Я выразилъ ему свое удовольствіе.
— Отлично, сэръ, превосходно; я вамъ ручаюсь, что въ ней вамъ не стыдно показаться. Но, погодите, вы увидите, что мы для васъ приготовимъ по вашей мѣркѣ. Иди-ка сюда, Тодъ, — книгу и перо! пиши: длина ноги 32»… и такъ далѣе.
Прежде чѣмъ я могъ вымолвить слово, онъ снялъ съ меня мѣрку и отдавалъ приказанія относительно фраковъ, тужурокъ, крахмальныхъ рубашекъ и другихъ тому подобныхъ вещей. Наконецъ, улучивъ удобную минуту, я сказалъ ему:
— Но, любезный другъ, я не могу сдѣлать вамъ этихъ заказовъ, если вы не можете ждать уплаты неопредѣленное время или размѣнять этотъ билетъ.
— Неопредѣленное время! Это слабое слово, сэръ, слабое слово! Вѣчно — вотъ настоящее слово, сэръ. Тодъ, заверни эти вещи и отправь ихъ сейчасъ же джентльмену, куда онъ прикажетъ. Мелкіе заказчики могутъ подождать. Запиши адресъ джентльмена и…
— Я перемѣняю квартиру. Я зайду сюда и оставлю вамъ свой новый адресъ.
— Отлично, сэръ, превосходно. Одну минуточку… позвольте мнѣ проводить васъ, сэръ. Вотъ… Добрый день, сэръ, будьте здоровы.
Ну, читатель, понимаете-ли вы, что случилось? Я свободно принялся покупать все, что мнѣ было необходимо, и требовалъ, чтобы мнѣ размѣняли мой билетъ. Черезъ недѣлю я былъ великолѣпно одѣтъ съ головы до ногъ, со всей подобающей роскошью и со всѣми удобствами, и поселился въ дорогомъ частномъ отелѣ, въ Ганноверскомъ скверѣ. Здѣсь я и обѣдалъ, но завтракать я постоянно ходилъ въ скромный трактиръ Гарриса, туда, гдѣ я впервые отобѣдалъ на свой билетъ въ милліонъ фунтовъ стерлинговъ.
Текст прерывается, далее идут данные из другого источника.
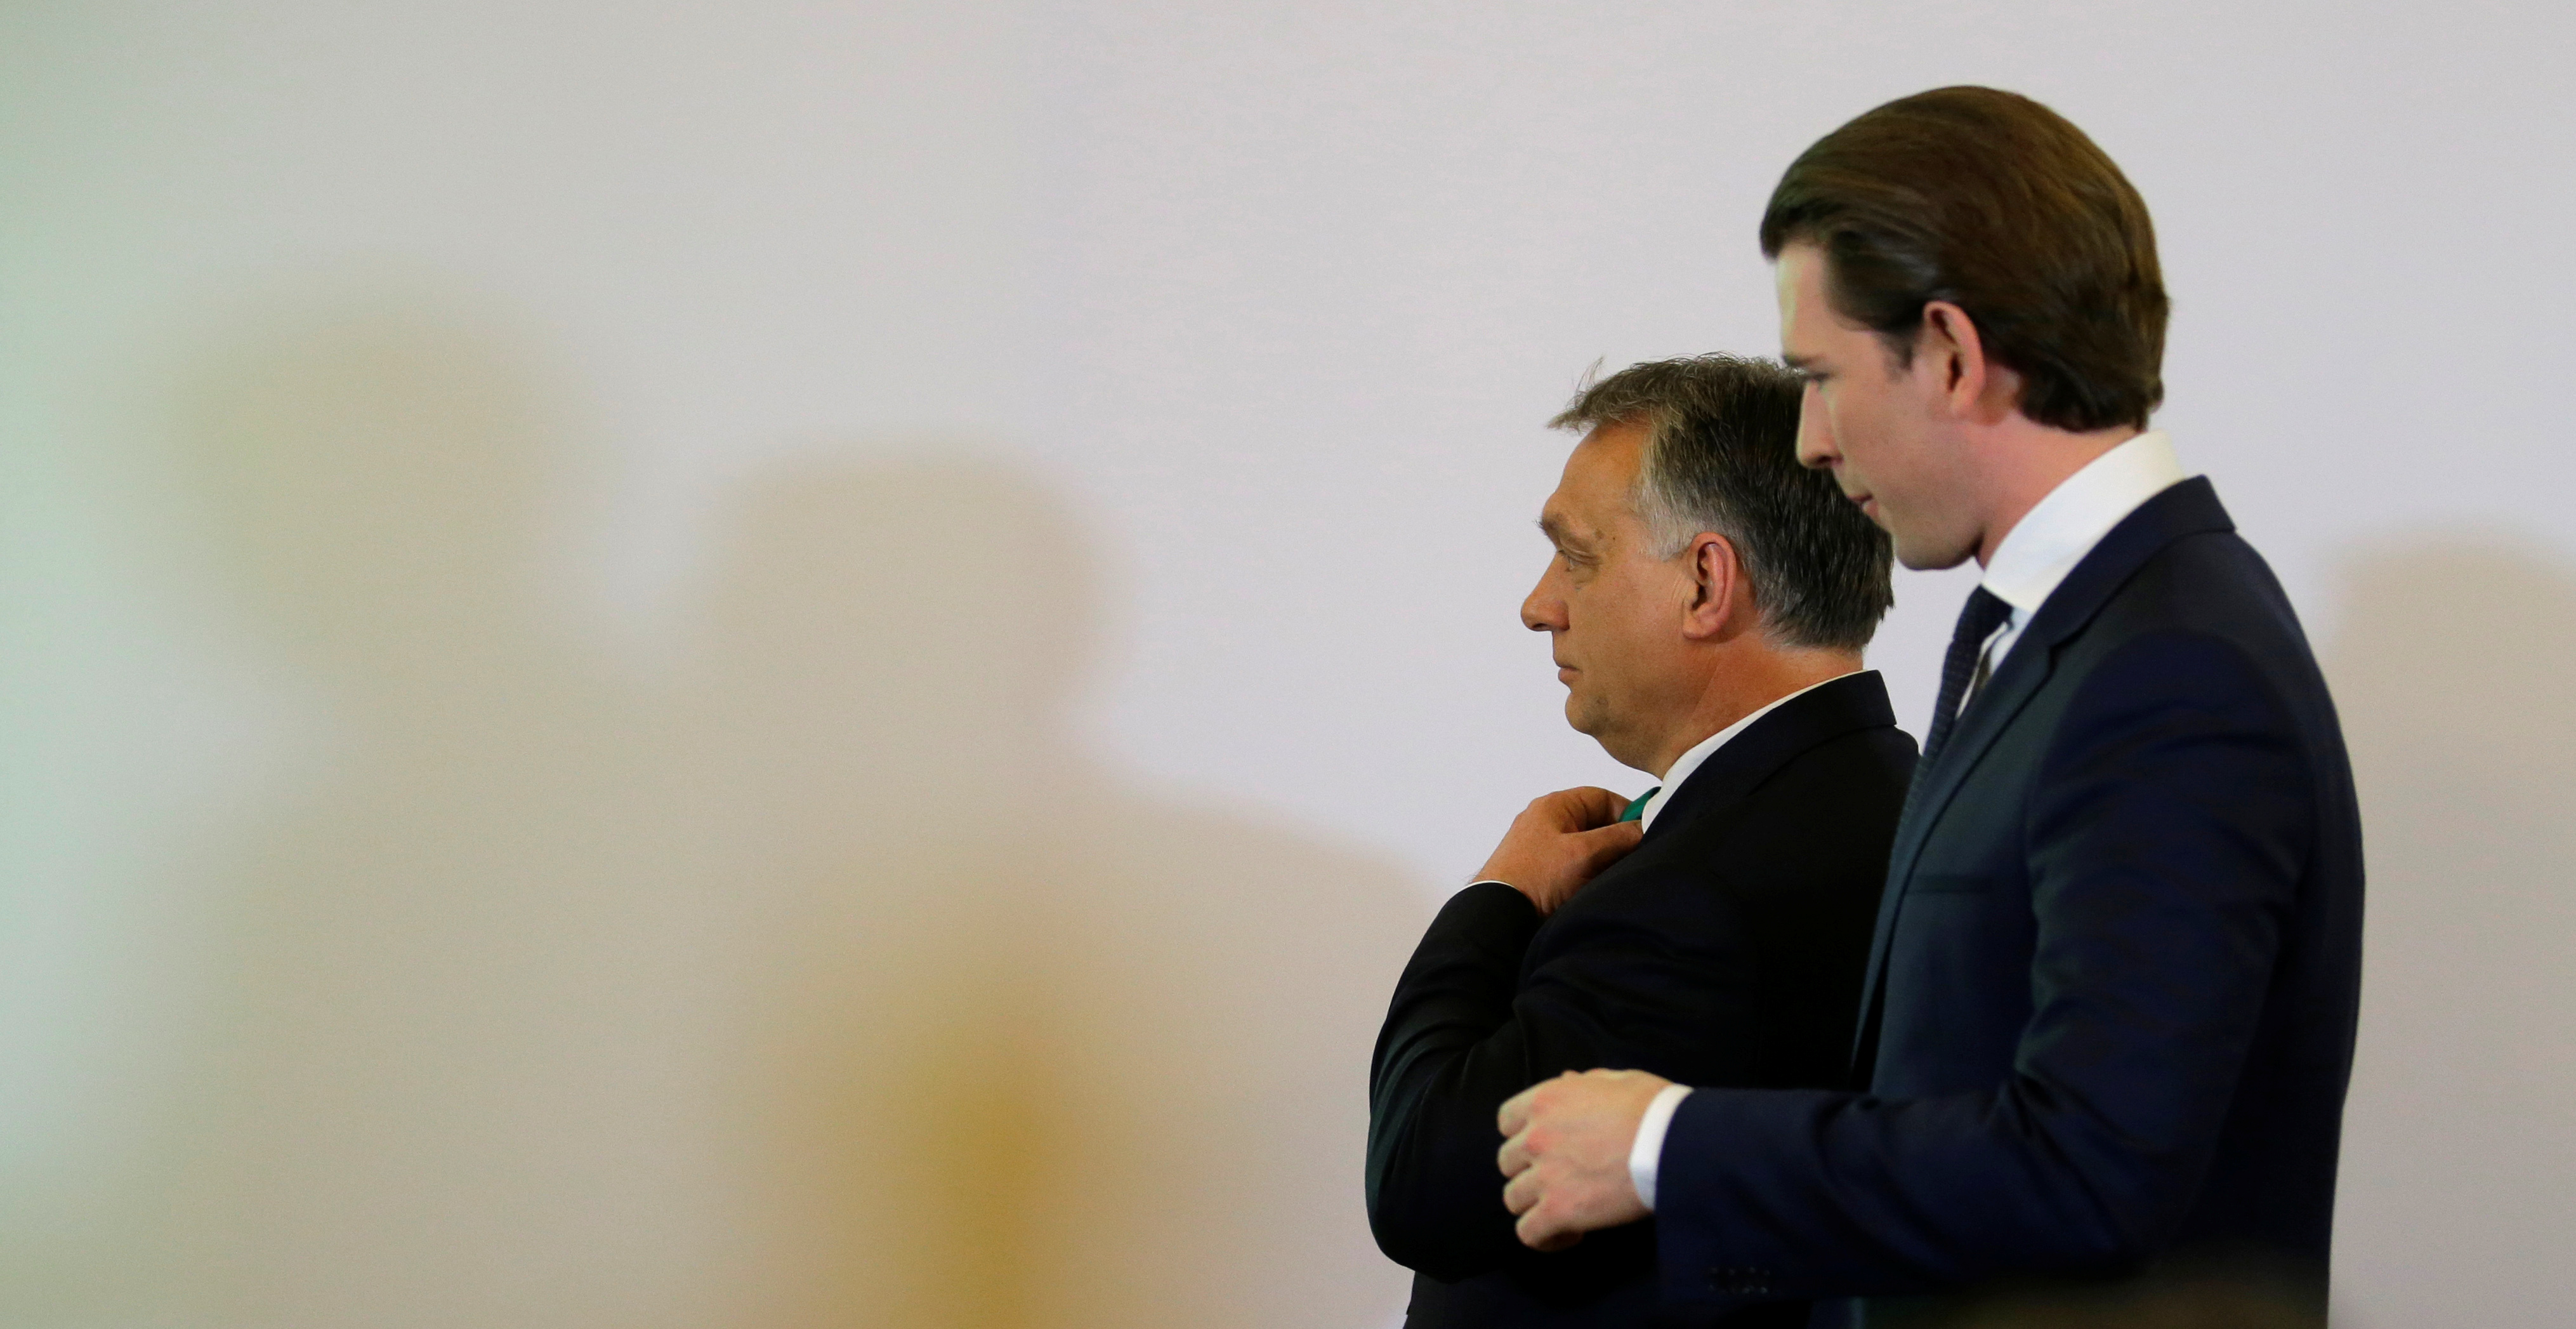 Mélypontnak tartják, hogy Kurz megvédte Orbán politikáját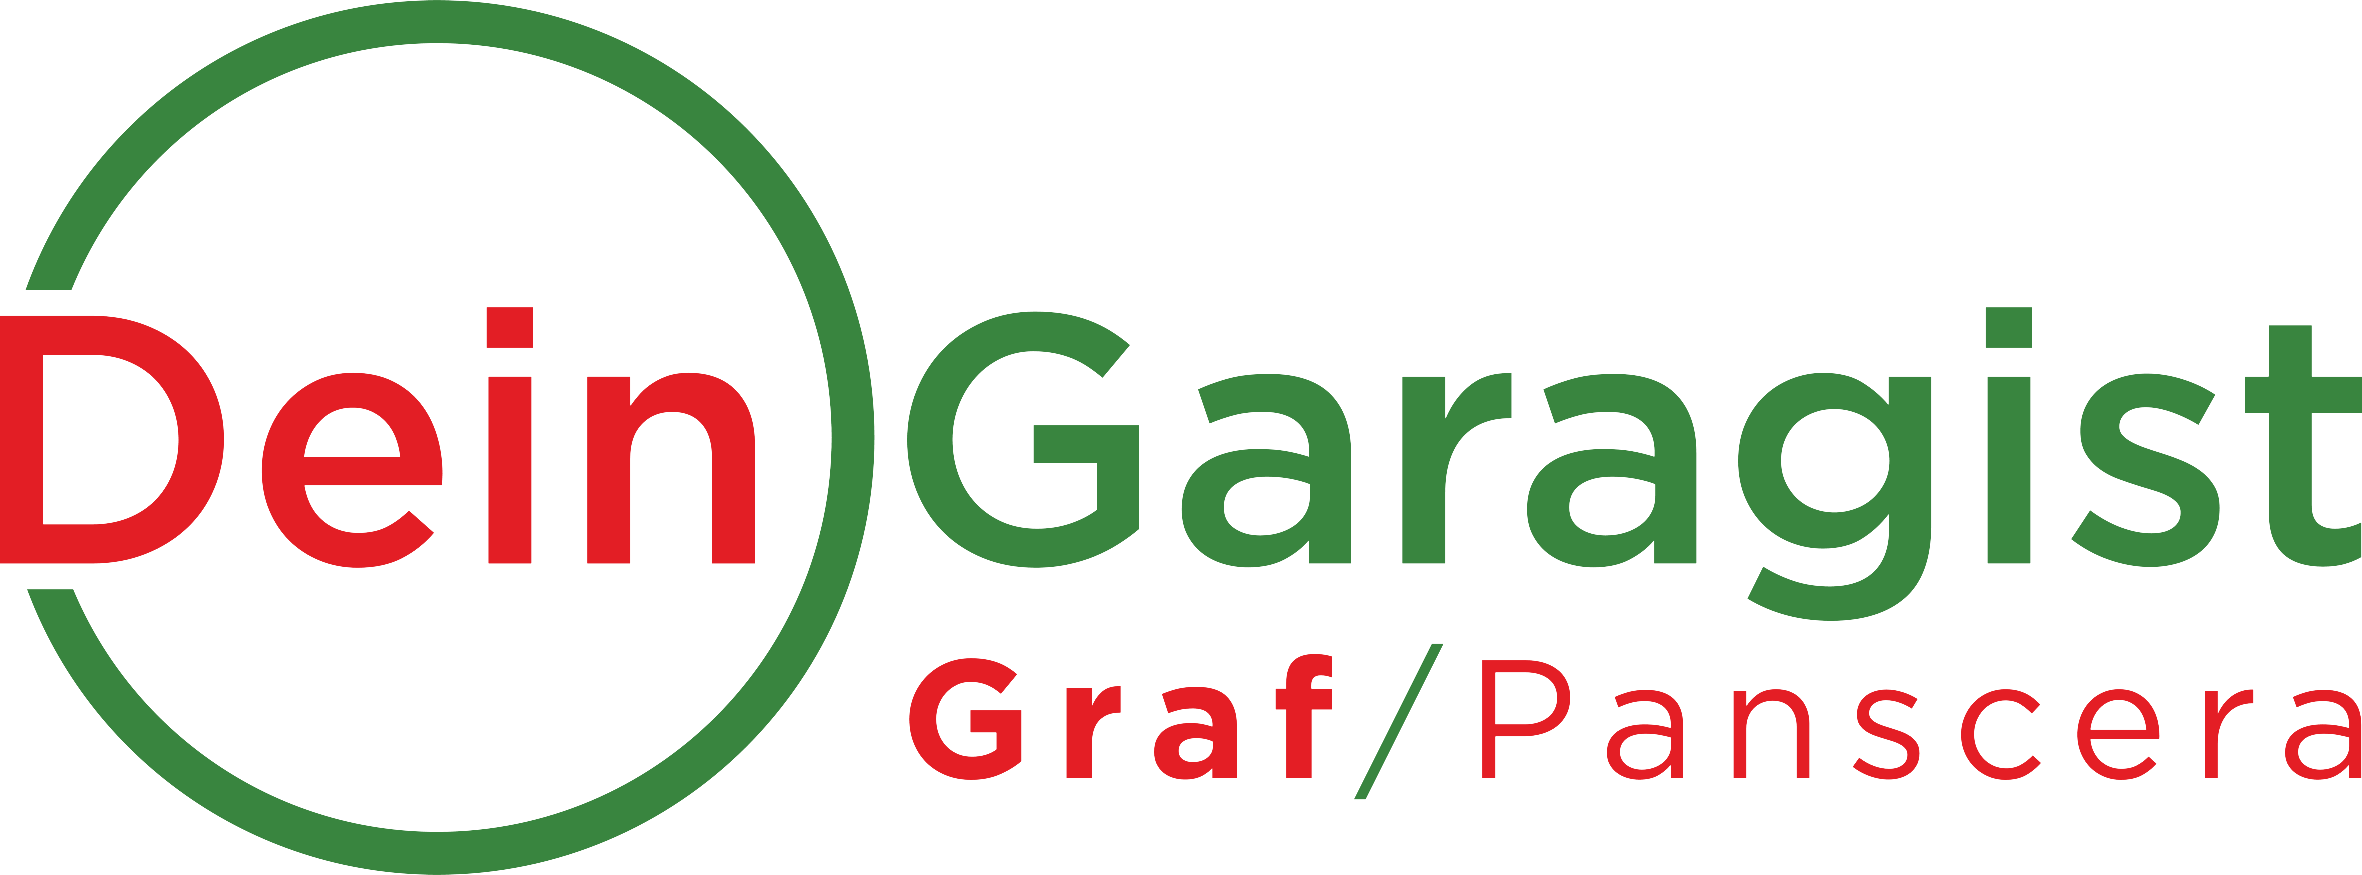 Logo Dein Garagist cropped

Благодаря мнѣ, Гаррисъ пошелъ въ гору. Повсюду разнеслась молва, что иностранецъ-оригиналъ, у котораго въ карманахъ жилета лежатъ банковые билеты въ милліонъ фунтовъ стерлинговъ, сталъ покровителемъ этого трактира. Этого было достаточно. Изъ бѣдняка, перебивавшагося, какъ говорится, изъ кулька въ рогожку, едва сводившаго концы съ концами, Гаррисъ превратился въ знаменитость и отъ посѣтителей не было отбою. Онъ былъ такъ признателенъ мнѣ, что заставилъ меня почти насильно взять у него взаймы денегъ; и такъ, будучи нищимъ, я имѣлъ деньги для своихъ расходовъ и жилъ, какъ истый богачъ и вельможа. Я понималъ, что рано или поздно все это величіе разсыпется въ прахъ, но я уже попалъ въ водоворотъ и долженъ былъ либо выплыть изъ него, либо потонуть въ немъ. Какъ видитъ читатель, ожиданіе неминучей бѣды вносило серьезный, отрезвляющій, даже трагическій элементъ въ положеніе вещей, которое иначе было бы просто на-просто смѣхотворнымъ. Ночью, въ темнотѣ, передо мной постоянно выступала трагическая сторона дѣла, мнѣ постоянно слышались предостереженія, угрозы; и я стоналъ и ворочался, а сонъ бѣжалъ отъ моихъ глазъ. Но при яркомъ дневномъ свѣтѣ трагическій элементъ блѣднѣлъ и исчезалъ, а я шелъ на свѣжій воздухъ и былъ счастливъ до головокруженія, до опьяненія, если такъ можно выразиться.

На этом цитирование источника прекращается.